Tras la reapertura de las investigaciones por los crímenes cometidos durante la dictadura, se fueron sumando declaraciones de exintegrantes de las fuerzas que daban cuenta de este mecanismo. La investigadora María Laura Guembe habla en su libro Tekmerion de un “efecto Scilingo”. Dentro de la lista de quienes contaron lo que sabían después de la confesión del marino se encuentra Federico Talavera, exgendarme del Destacamento Móvil 1 con asiento en Campo de Mayo.

Talavera declaró haber manejado desde el Olimpo –el centro clandestino que funcionó entre 1978 y 1979 en el barrio porteño de Floresta– hasta el Aeroparque. Talavera conducía un furgón en el que viajaban unas 45 personas que iban directo hacia la muerte. El exgendarme también dijo que le tocó ir a buscar militares al Aeropuerto de Ezeiza, pero que, en ese caso, no había prisioneros.

Omar Torres es un gendarme que declaró ante la Comisión Nacional sobre la Desaparición de Personas (Conadep). Reiteró su testimonio en el Juicio a las Juntas y en los procesos posteriores. En el caso de Torres, él refirió que los prisioneros eran llevados a la Base Aérea del Palomar. El dato fue corroborado por el fiscal federal Federico Delgado, que investigaba los crímenes cometidos en el Primer Cuerpo de Ejército junto con Rafecas.

Desde 2017, la justicia empezó a dictar sentencias en las que se reconocían los vuelos de la muerte. Ese año, el Tribunal Oral Federal (TOF) 5 condenó a los pilotos del Skyvan de la Prefectura que partió desde el Aeroparque a las 21.30 del 14 de diciembre de 1977. A bordo iban tres Madres de Plaza de Mayo, dos monjas francesas y siete militantes que solían reunirse en la Iglesia de la Santa Cruz. Todos ellos fueron arrojados adormecidos a las aguas.

En 2022, el TOF 2 de San Martín condenó a la plana mayor del Batallón de Aviación 601. Sus integrantes fueron considerados responsables de los vuelos de la muerte que partían desde la guarnición de Campo de Mayo.

En mayo de 2026, la Sala IV de la Cámara Federal de Casación Penal condenó a tres gendarmes a prisión perpetua por su participación en el vuelo del 6 de diciembre de 1978 con un grupo de secuestrados que fueron sacados desde el Olimpo.

En su presentación, Llonto remarca que está claro que hubo vuelos con prisioneros del Primer Cuerpo de Ejército desde el Aeroparque y desde la Base del Palomar. Por eso, le pide a Rafecas que conforme una causa única y que centre su mirada en el rol que jugaron la Fuerza Aérea y la Policía Federal –particularmente la Superintendencia de Bomberos.

“Es imprescindible a esta altura de los juicios que se cite a todo el personal que trabajó en las bases aéreas para que cuenten lo que saben”, dice Llonto.

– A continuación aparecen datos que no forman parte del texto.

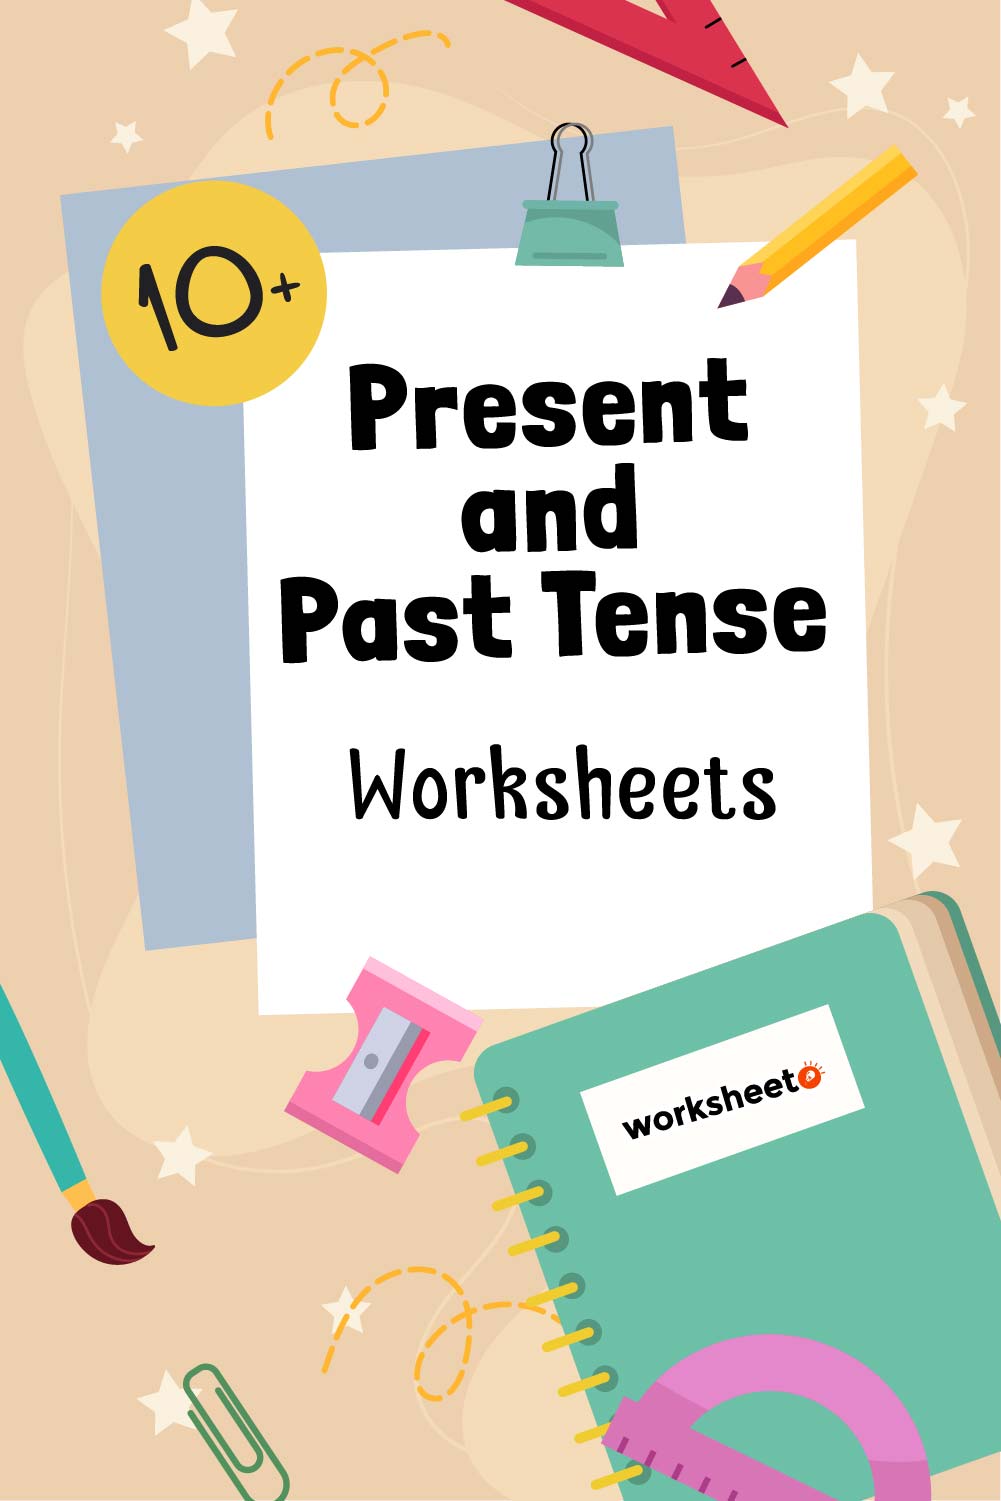 Present and Past Tense Worksheets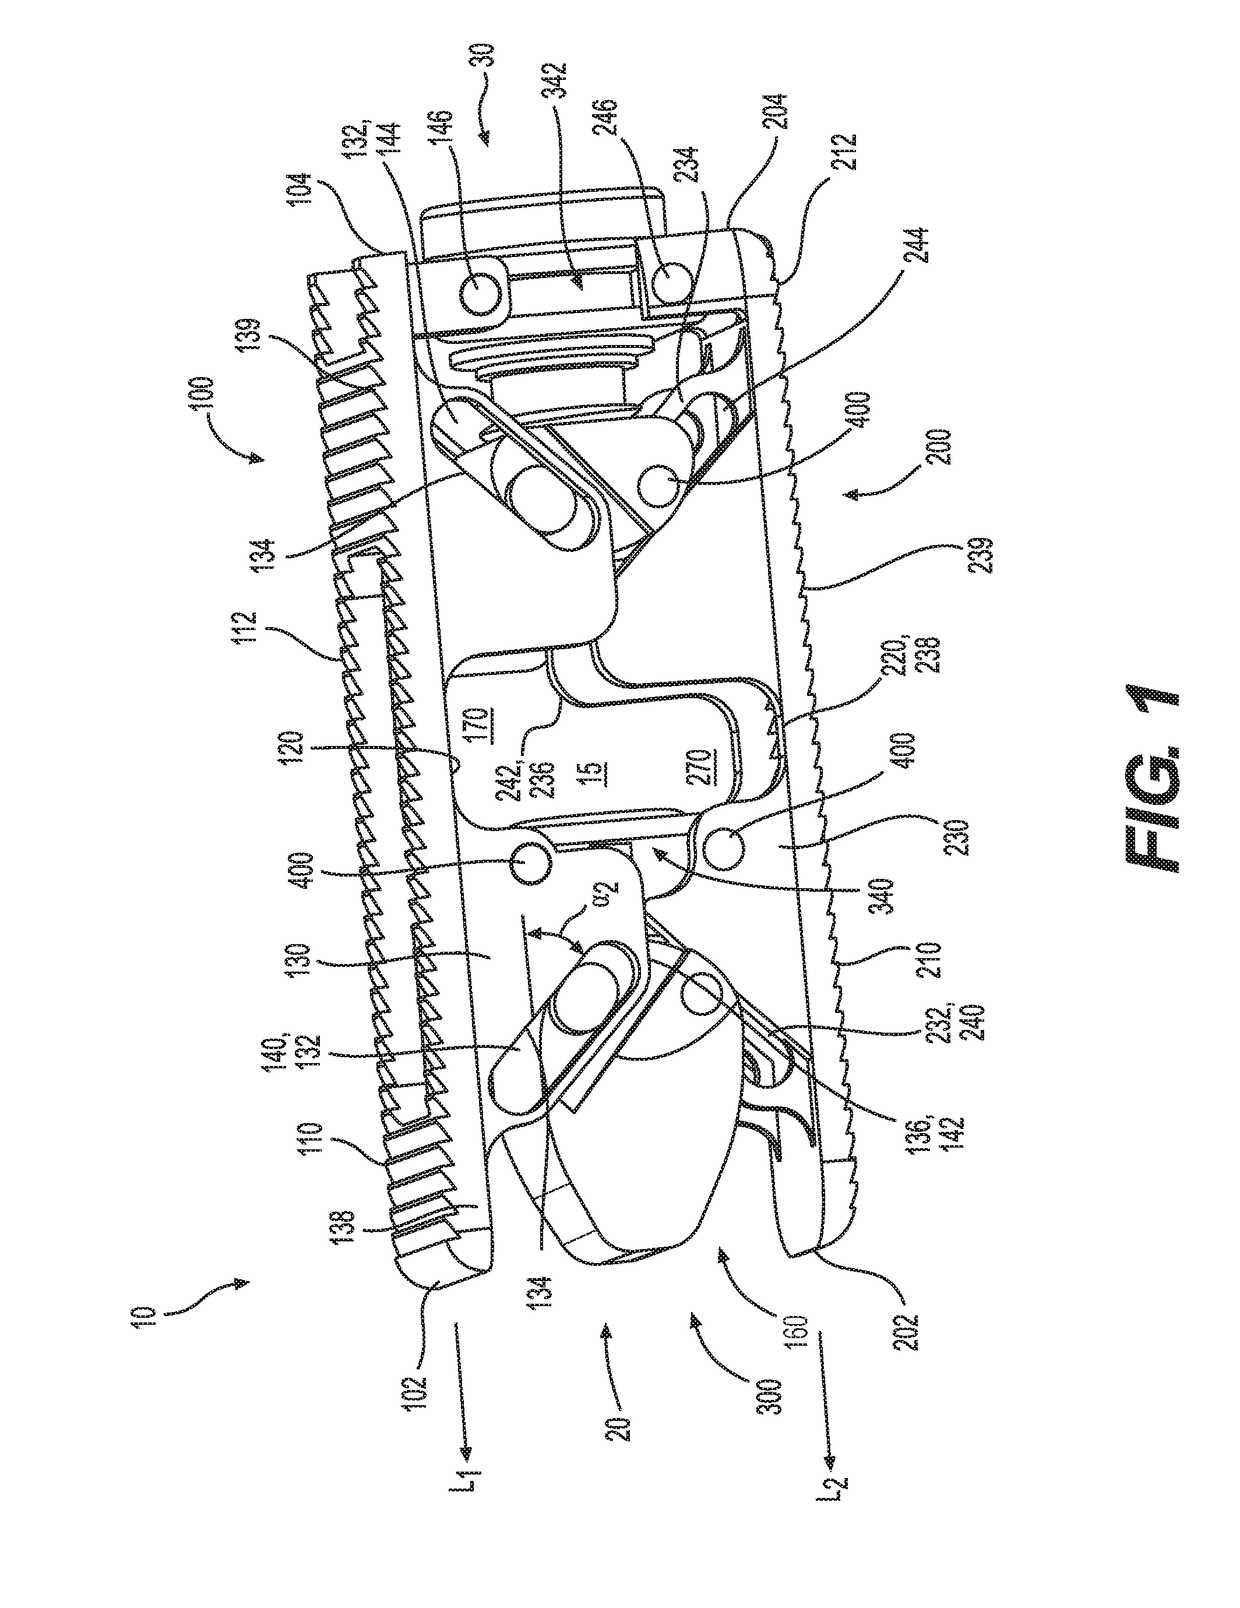 Expandable, adjustable inter-body fusion devices and methods

“No es posible que los pilotos de los vuelos de la muerte del Primer Cuerpo y gran parte de los de ESMA y Campo de Mayo aún no hayan sido juzgados hasta el momento cuando se tienen los listados completos. Sólo falta determinar quiénes de esos listados pilotearon esos aviones o helicópteros y quiénes fueron sus jefes que organizaron este método de exterminio. Seguiremos buscando las pruebas pero necesitamos que la justicia se mueva más rápido que nunca con las causas de lesa humanidad”, completa.

 

Hace unos meses, Rafecas le pidió información al ministro de Defensa Carlos Presti sobre los aviones que estaban en Aeroparque y Ezeiza. La Procuraduría de Crímenes Contra la Humanidad (PCCH) también remitió un informe con documentación sobre este tema.

En la web vuelosdelamuerte.org, las investigadoras Ximena Tordini y Natalia Federman reconstruyeron que, entre abril de 1976 y abril de 1979, aparecieron, al menos, 76 cuerpos en las costas argentinas y uruguayas. Solo 47 pudieron ser identificados.